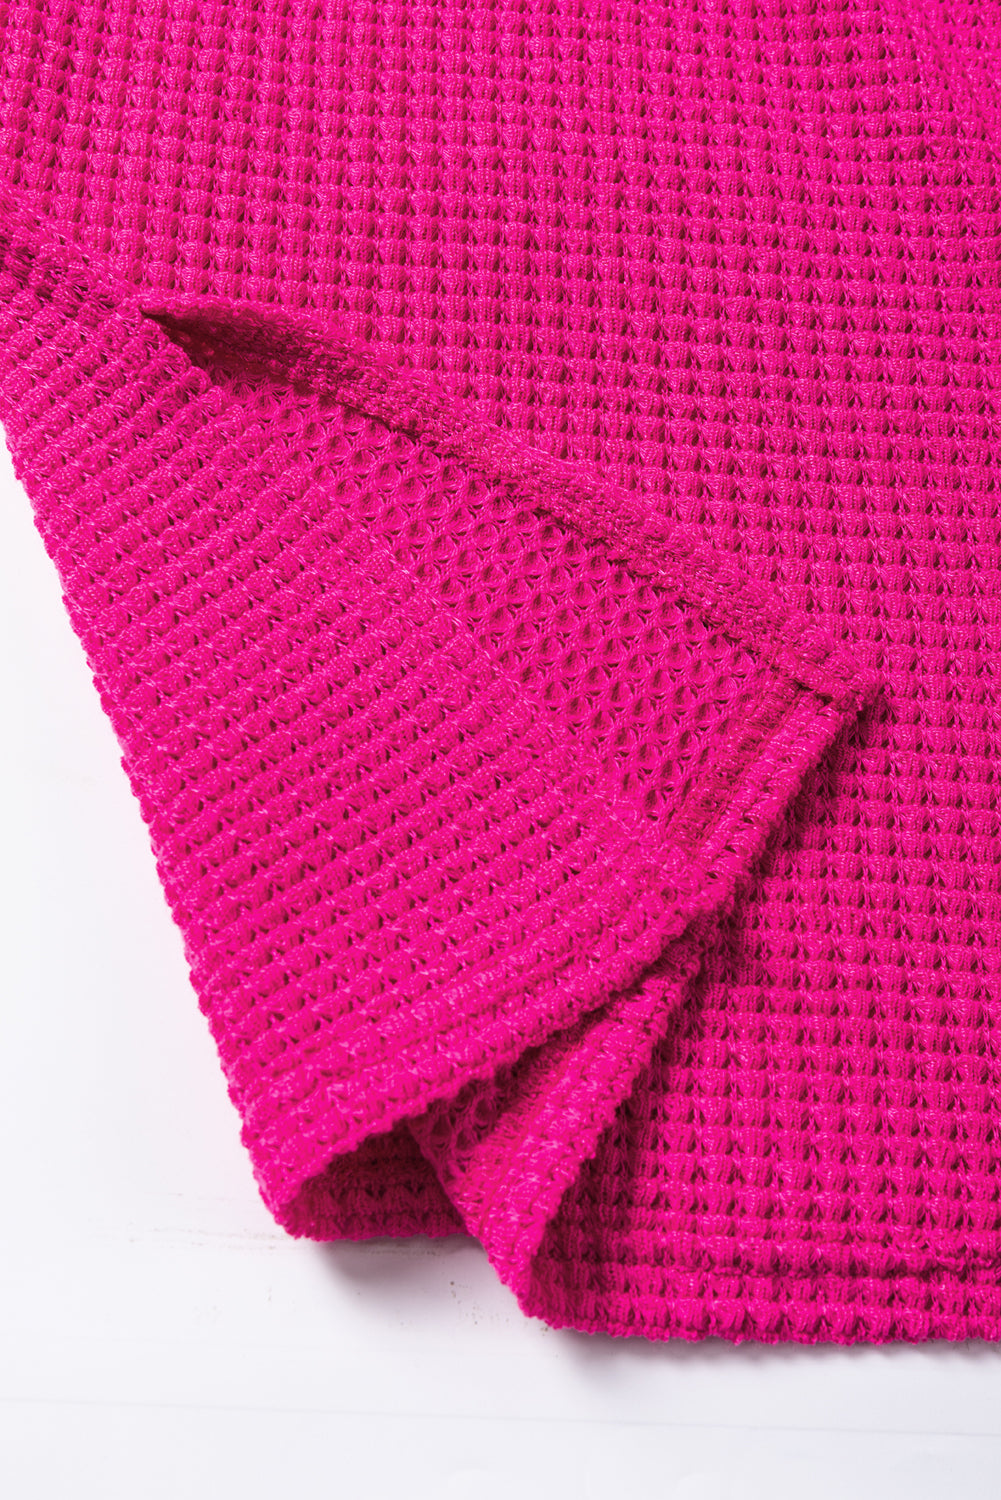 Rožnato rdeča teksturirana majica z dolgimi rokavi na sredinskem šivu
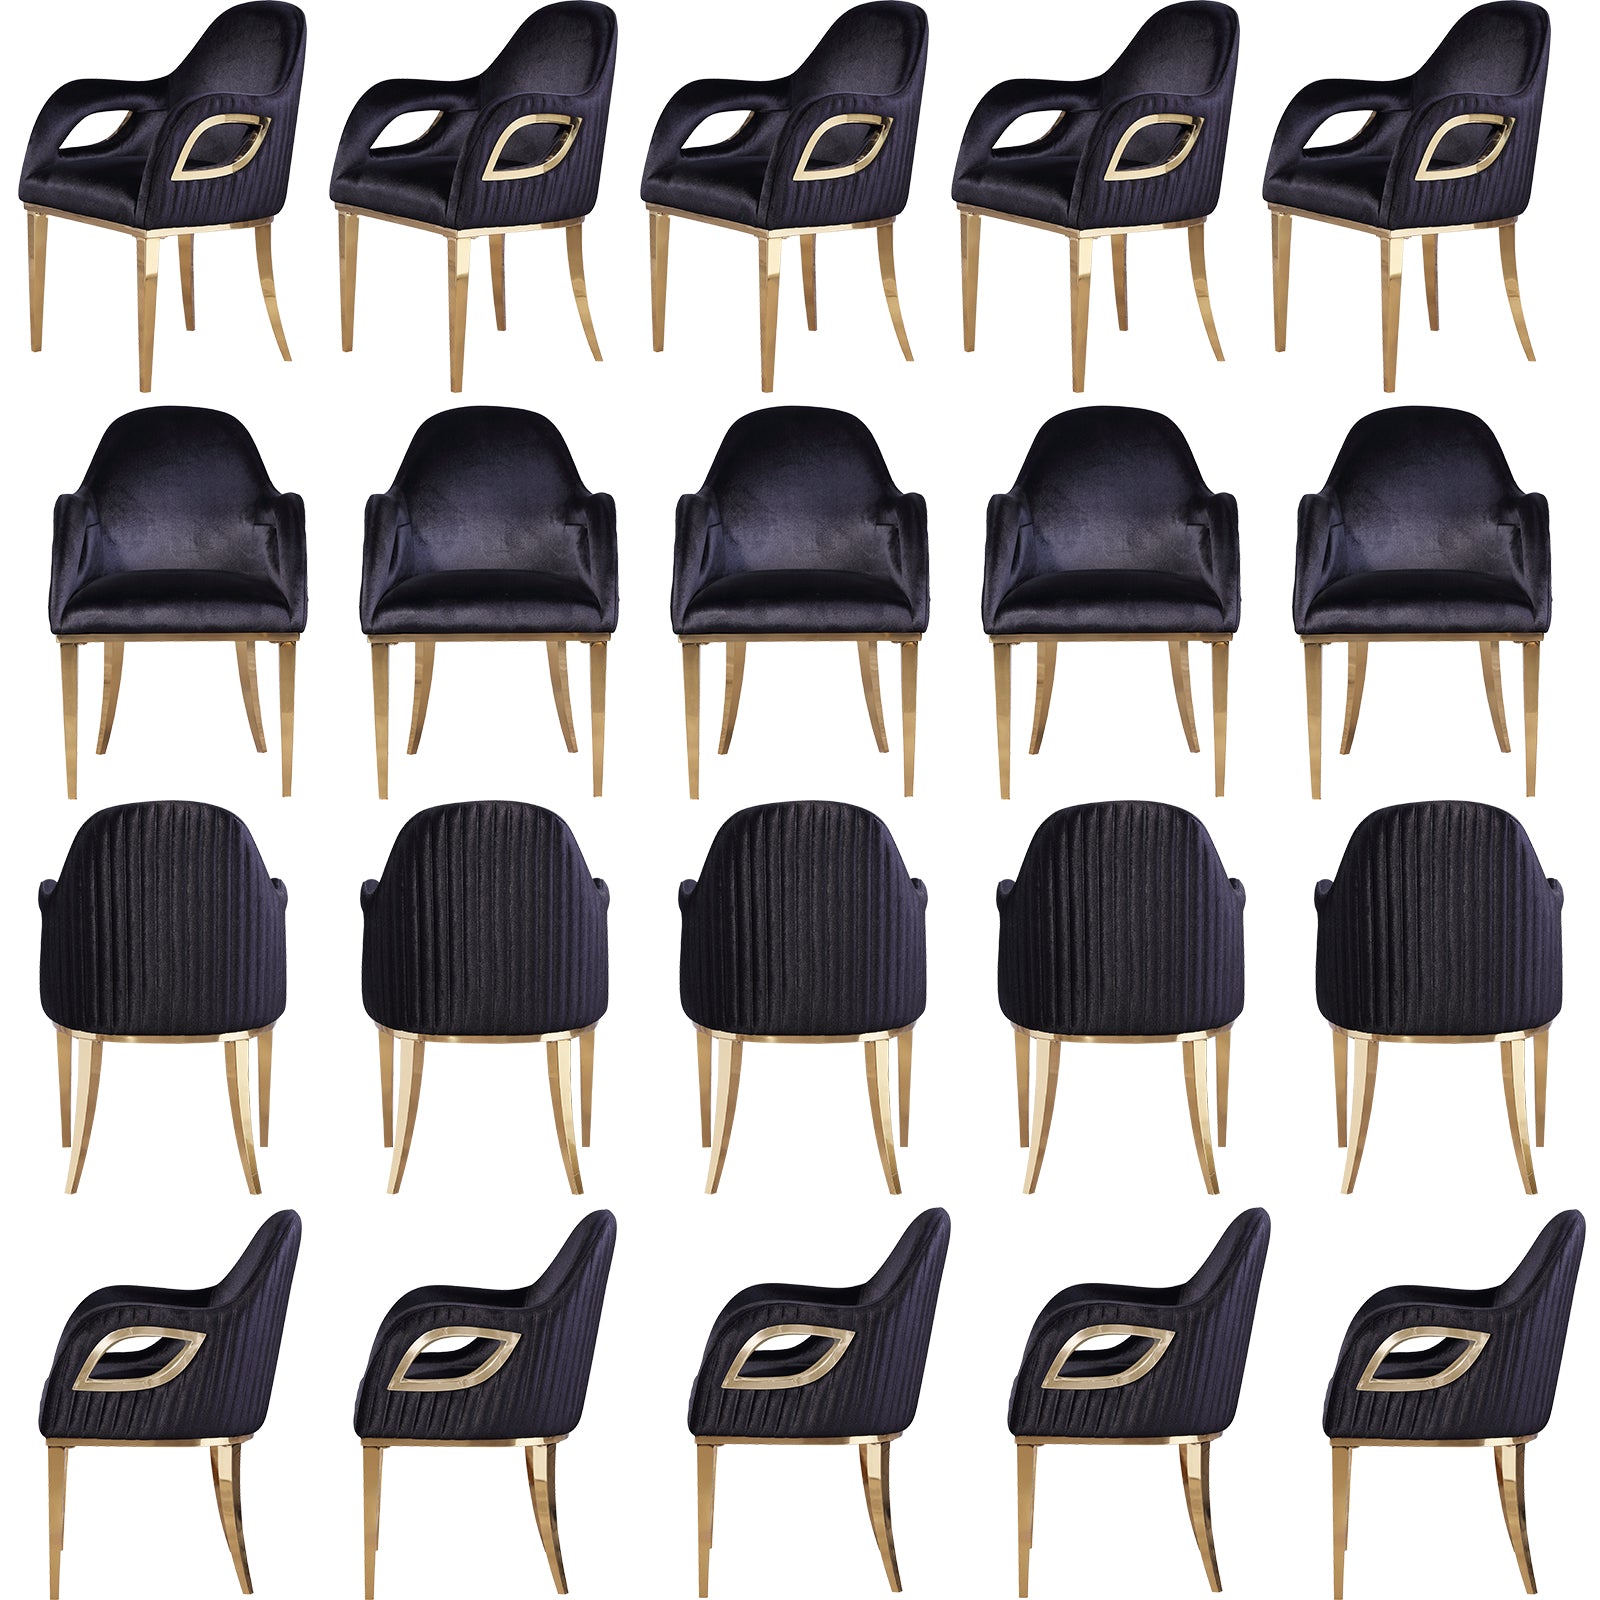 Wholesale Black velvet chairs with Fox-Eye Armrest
|---|
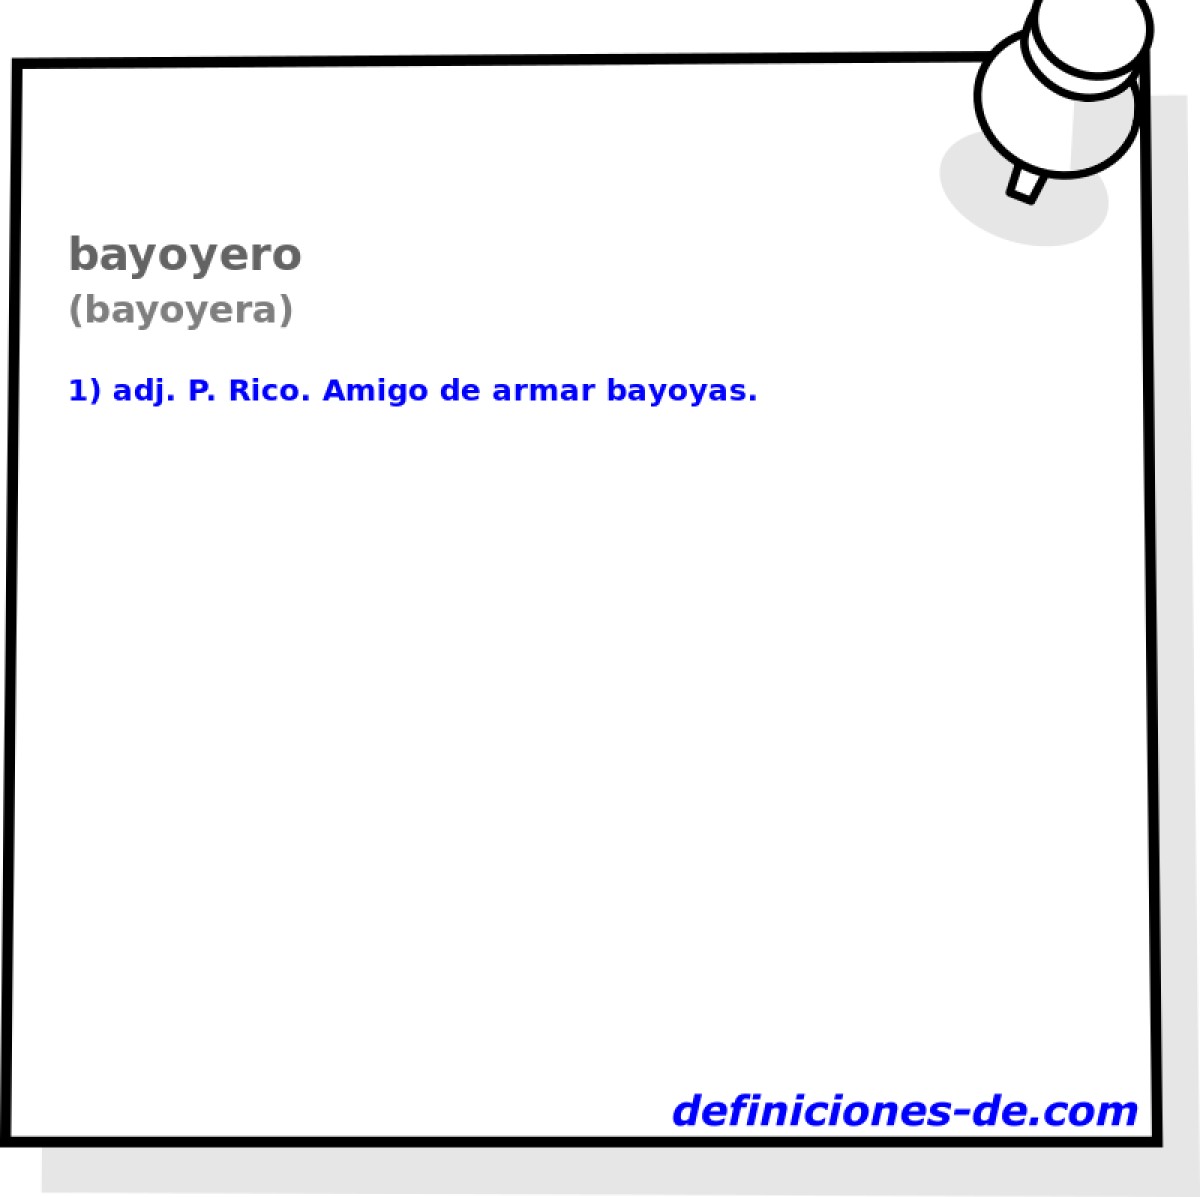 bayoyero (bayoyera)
|---|
- Task -
Repeat only the stretch of data above that runs from the line with "Rožnato rdeča teksturirana" to the line with "Wholesale Black velvet". Keep both end lines; exclude pictures.

- Exercise result -
 Rožnato rdeča teksturirana majica z dolgimi rokavi na sredinskem šivu
 Wholesale Black velvet chairs with Fox-Eye Armrest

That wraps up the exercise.